Available data:

───

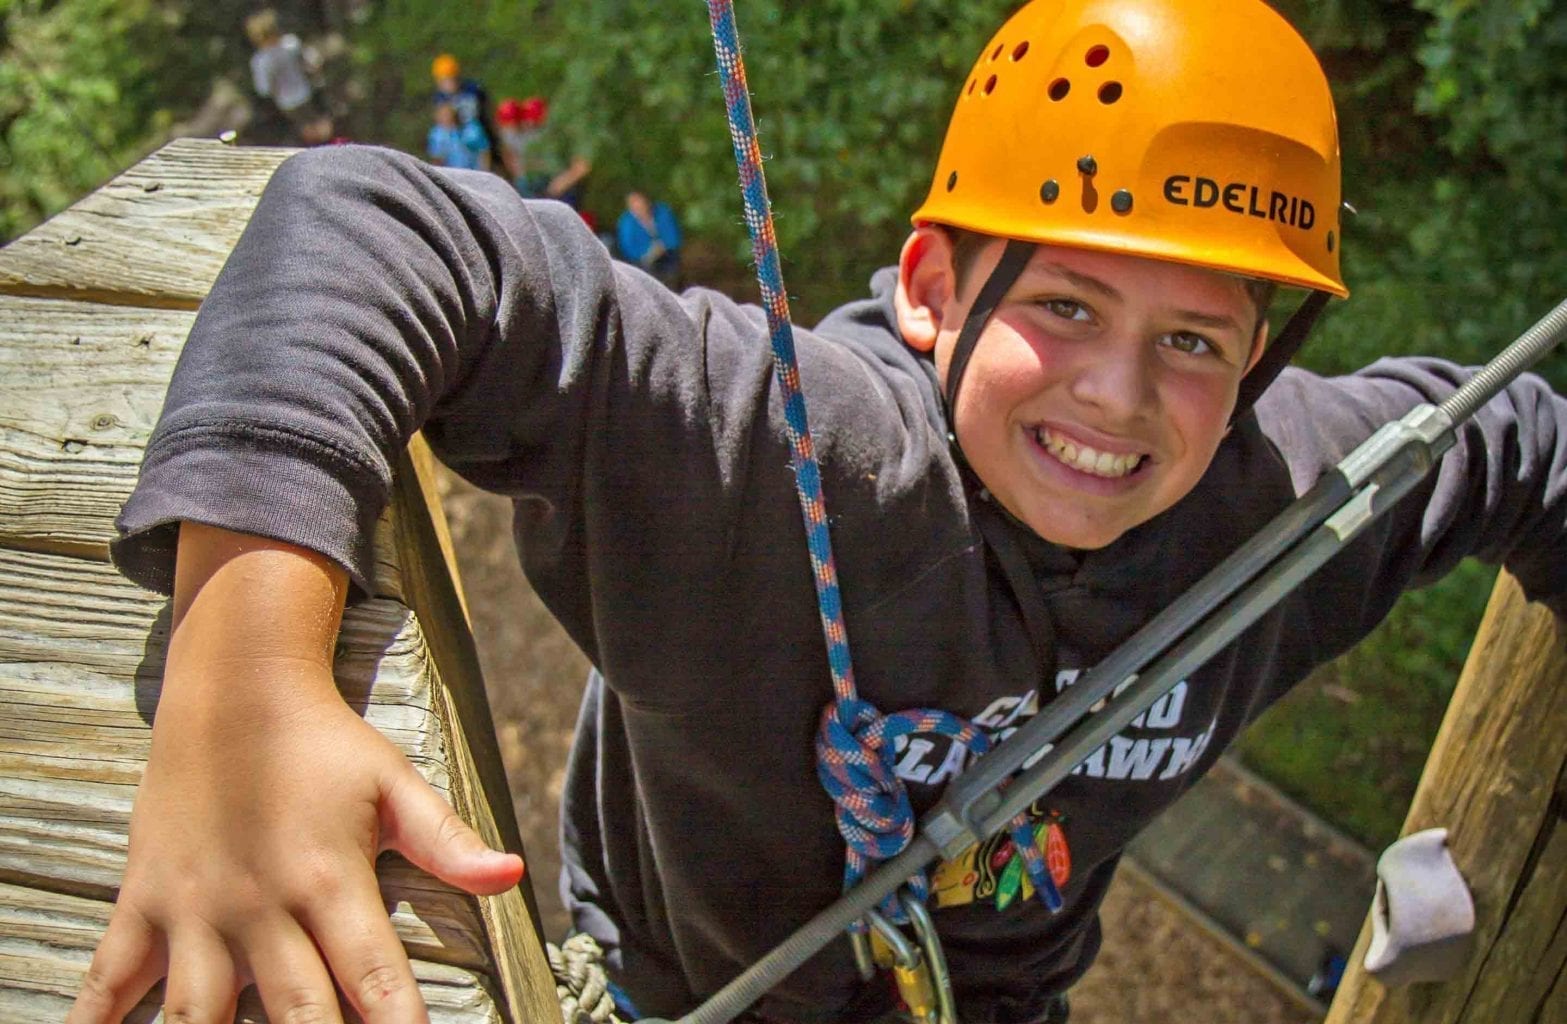 A kid smiles and makes his way up the climbing tower on the Team Challenge Course at ACE Adventure Resort in Southern West Virginia.
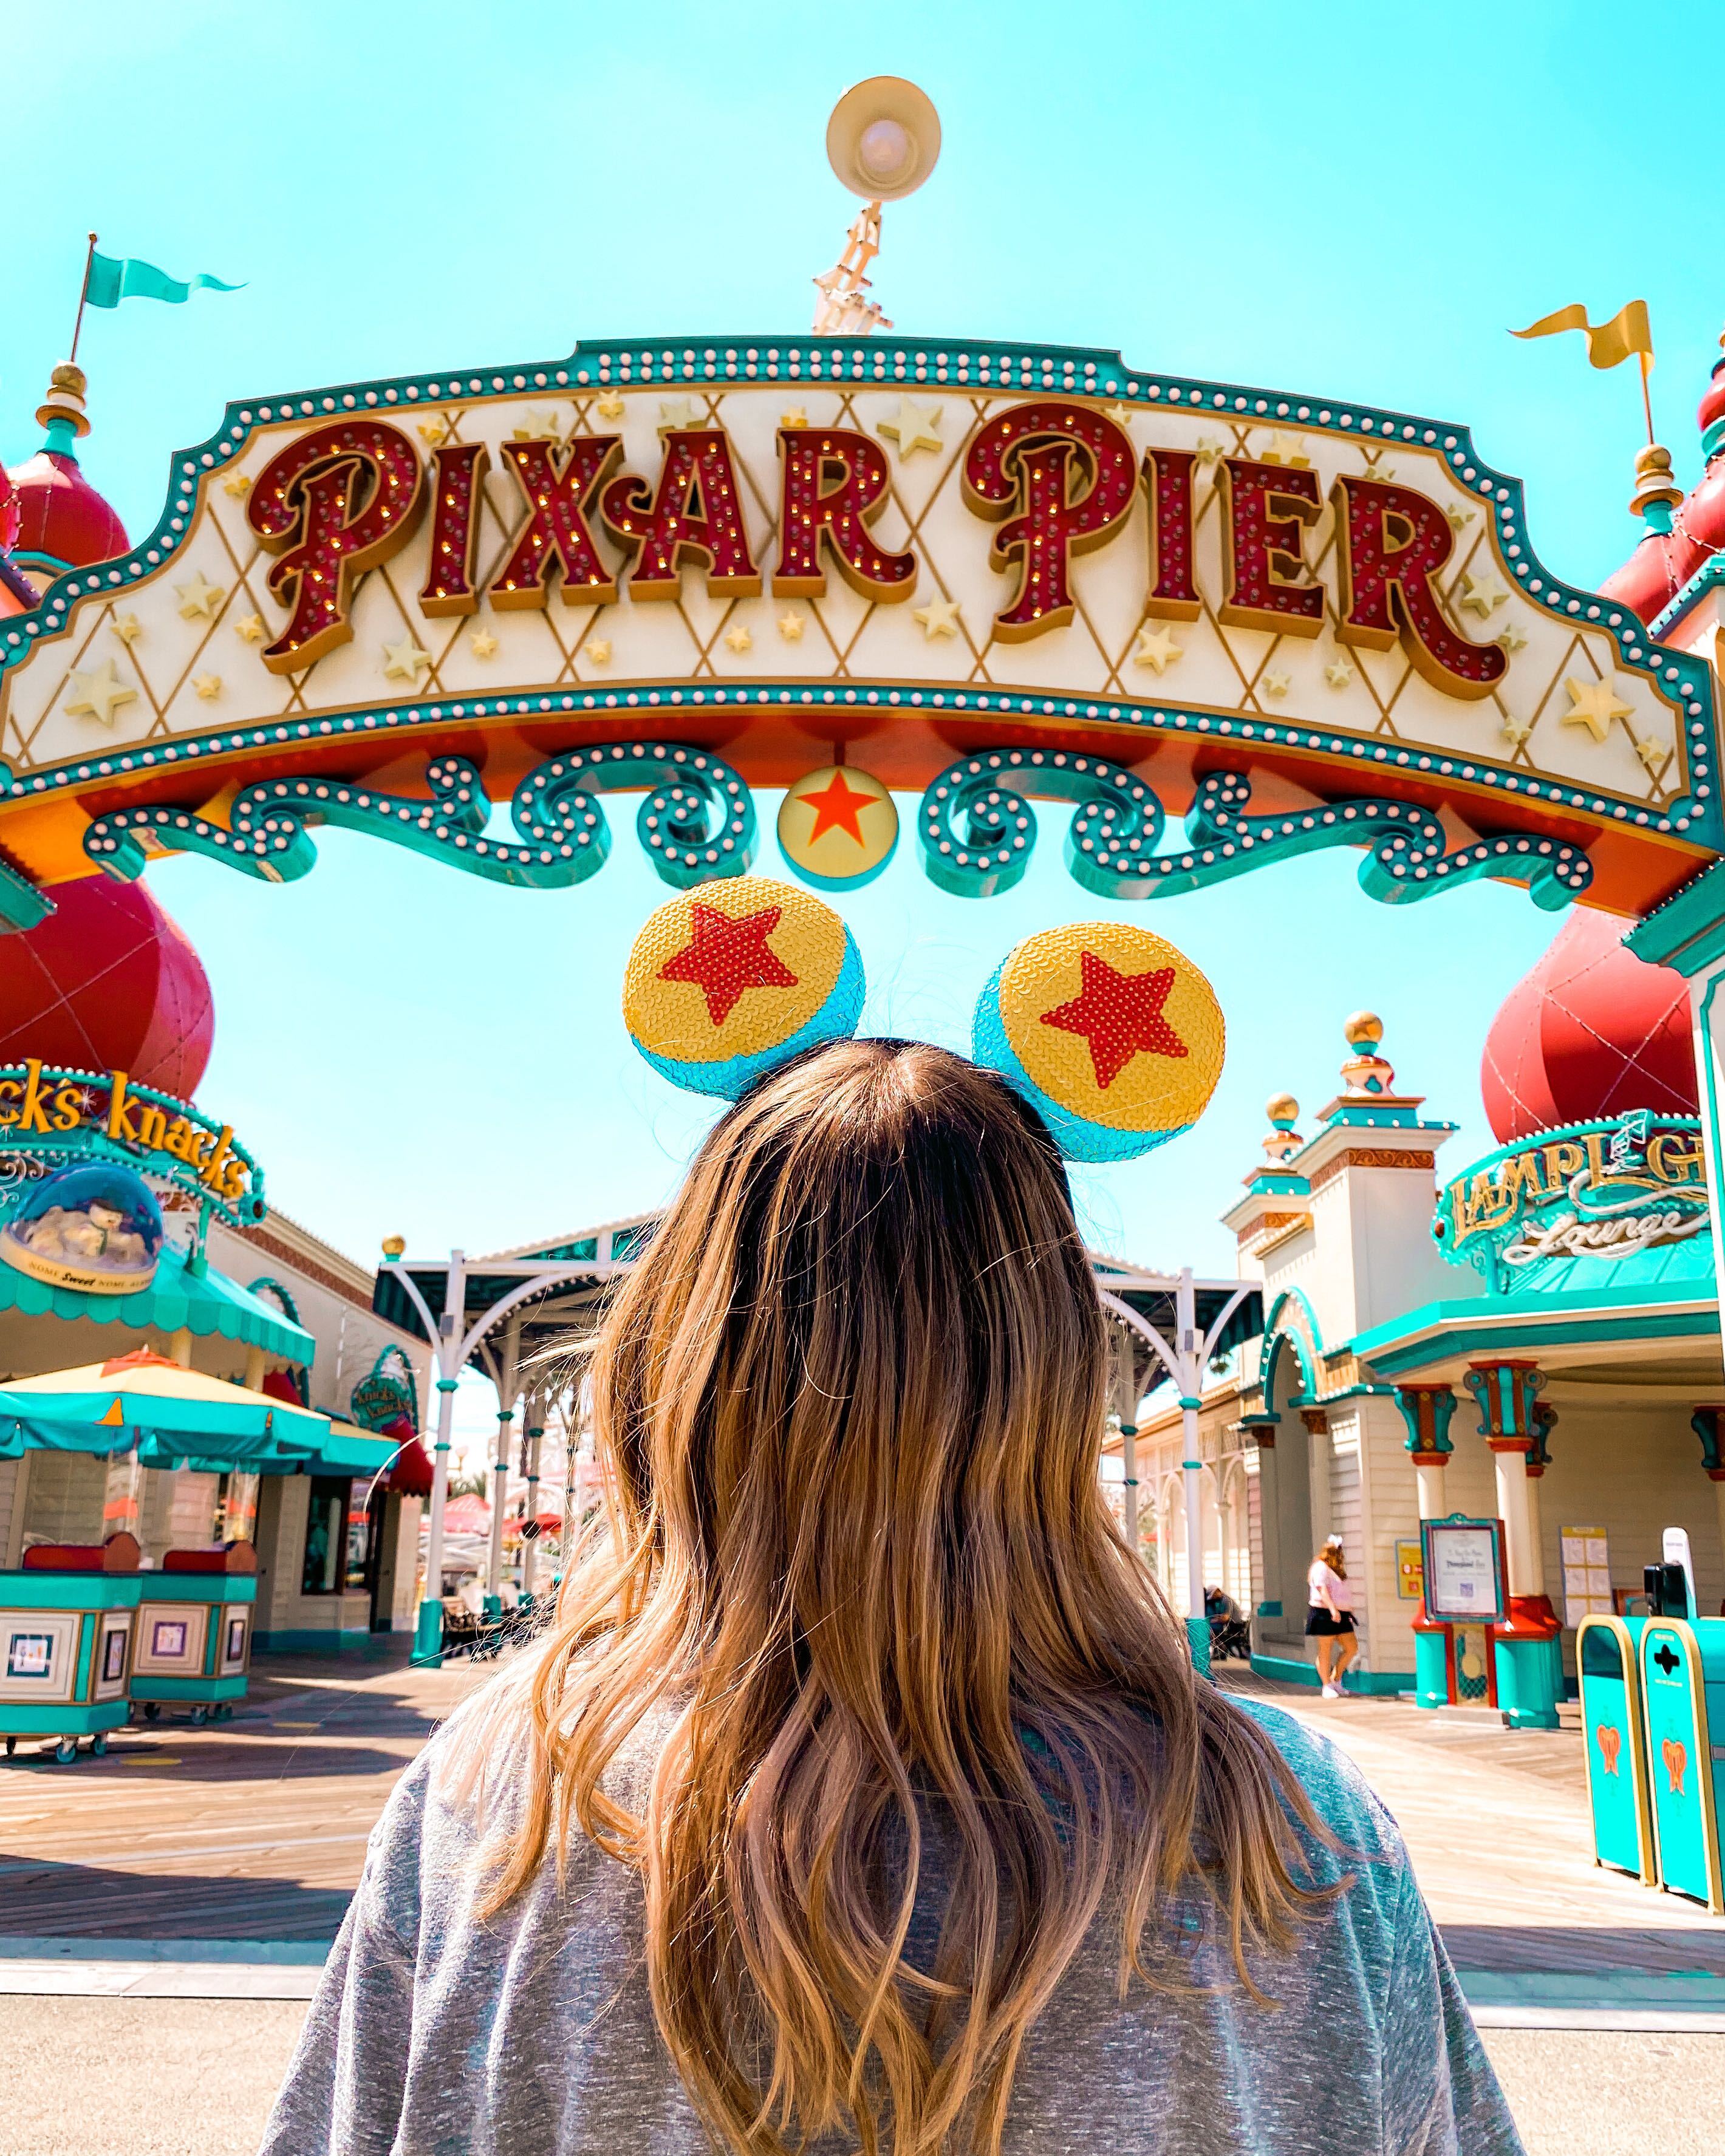 The entrance to Pixar Pier with a girl standing in front of it - Disneyland
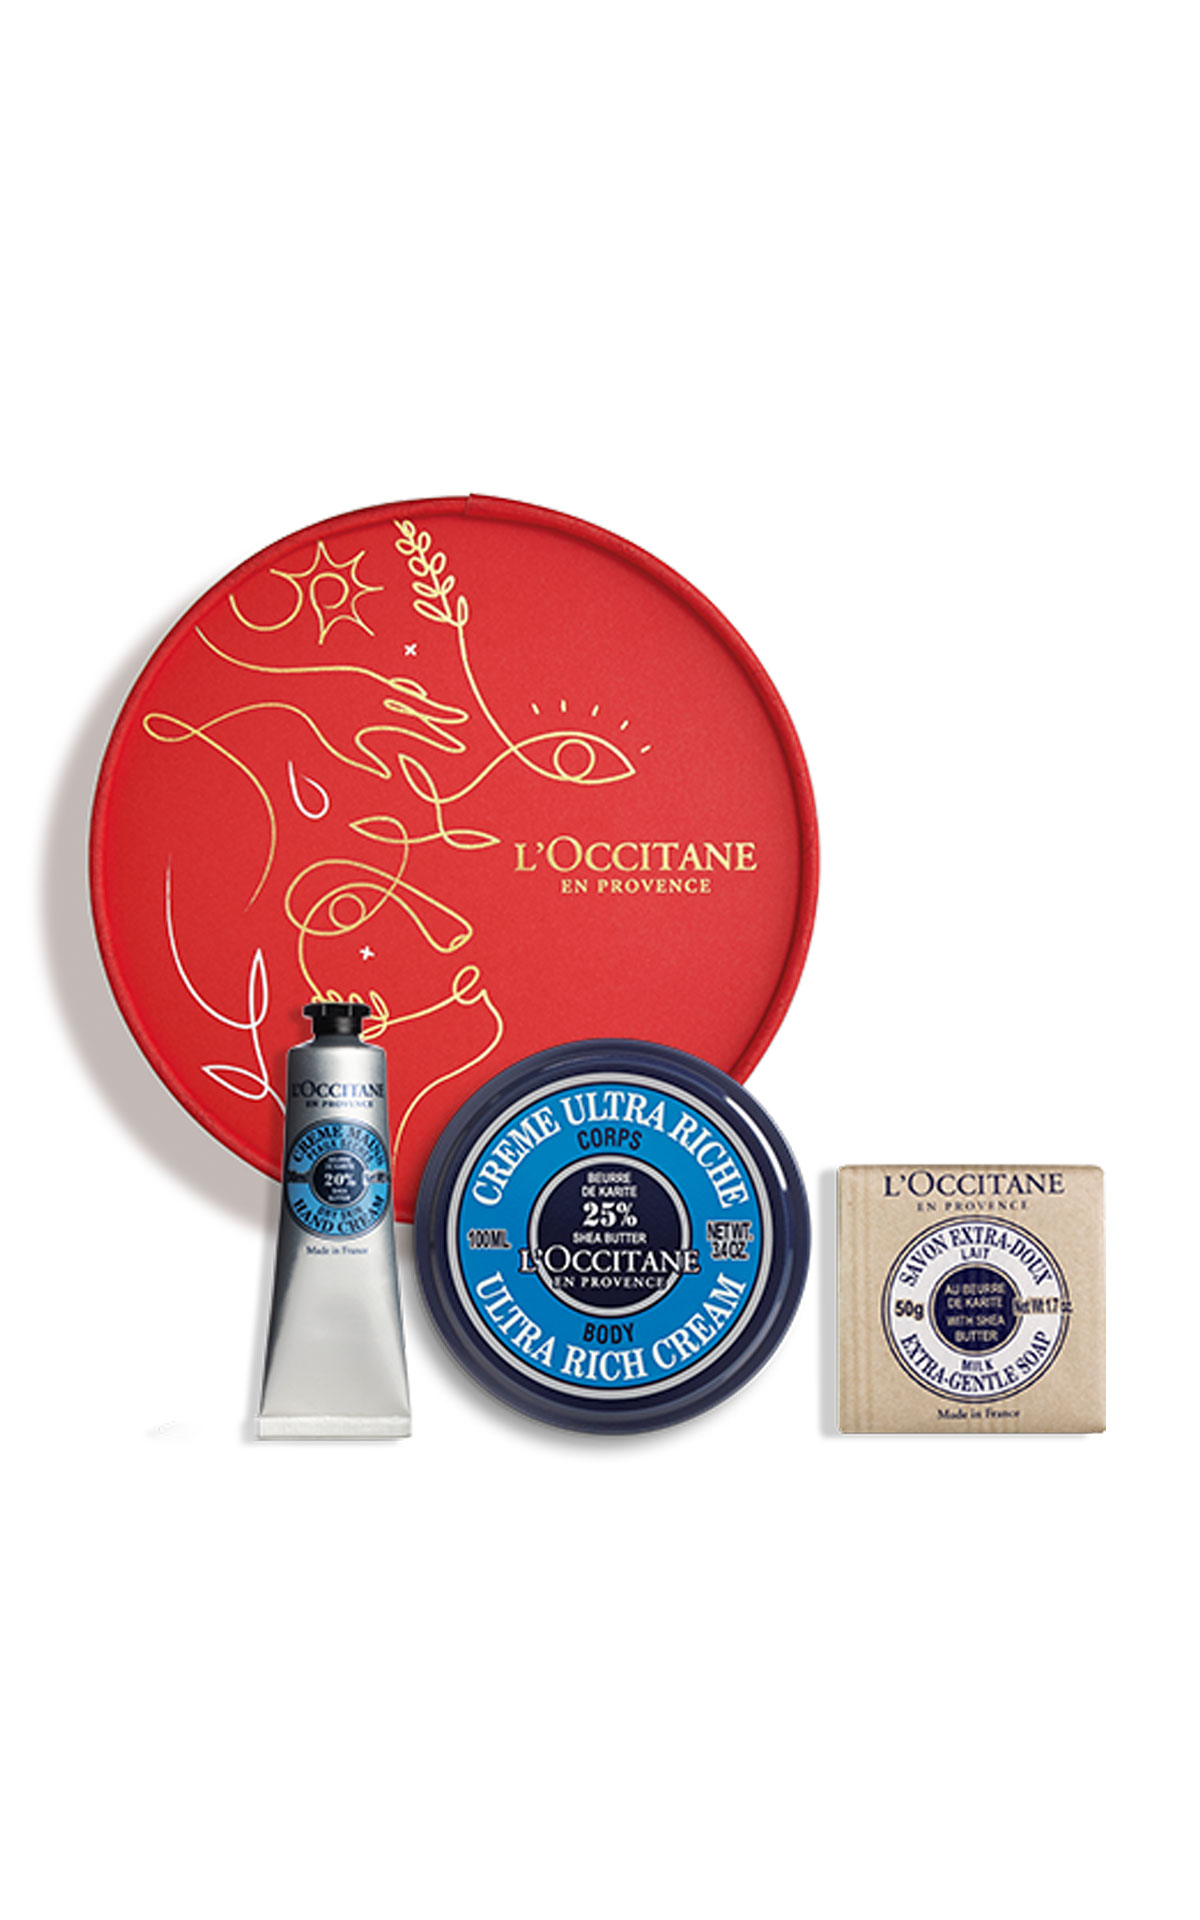 L'Occitane Best of shea butter collection from Bicester Village

───

Aim of the task: Line by line, reproduce the material above exactly, leaving each picture out.

Response for this exercise:
 A kid smiles and makes his way up the climbing tower on the Team Challenge Course at ACE Adventure Resort in Southern West Virginia.
 The entrance to Pixar Pier with a girl standing in front of it - Disneyland
 L'Occitane Best of shea butter collection from Bicester Village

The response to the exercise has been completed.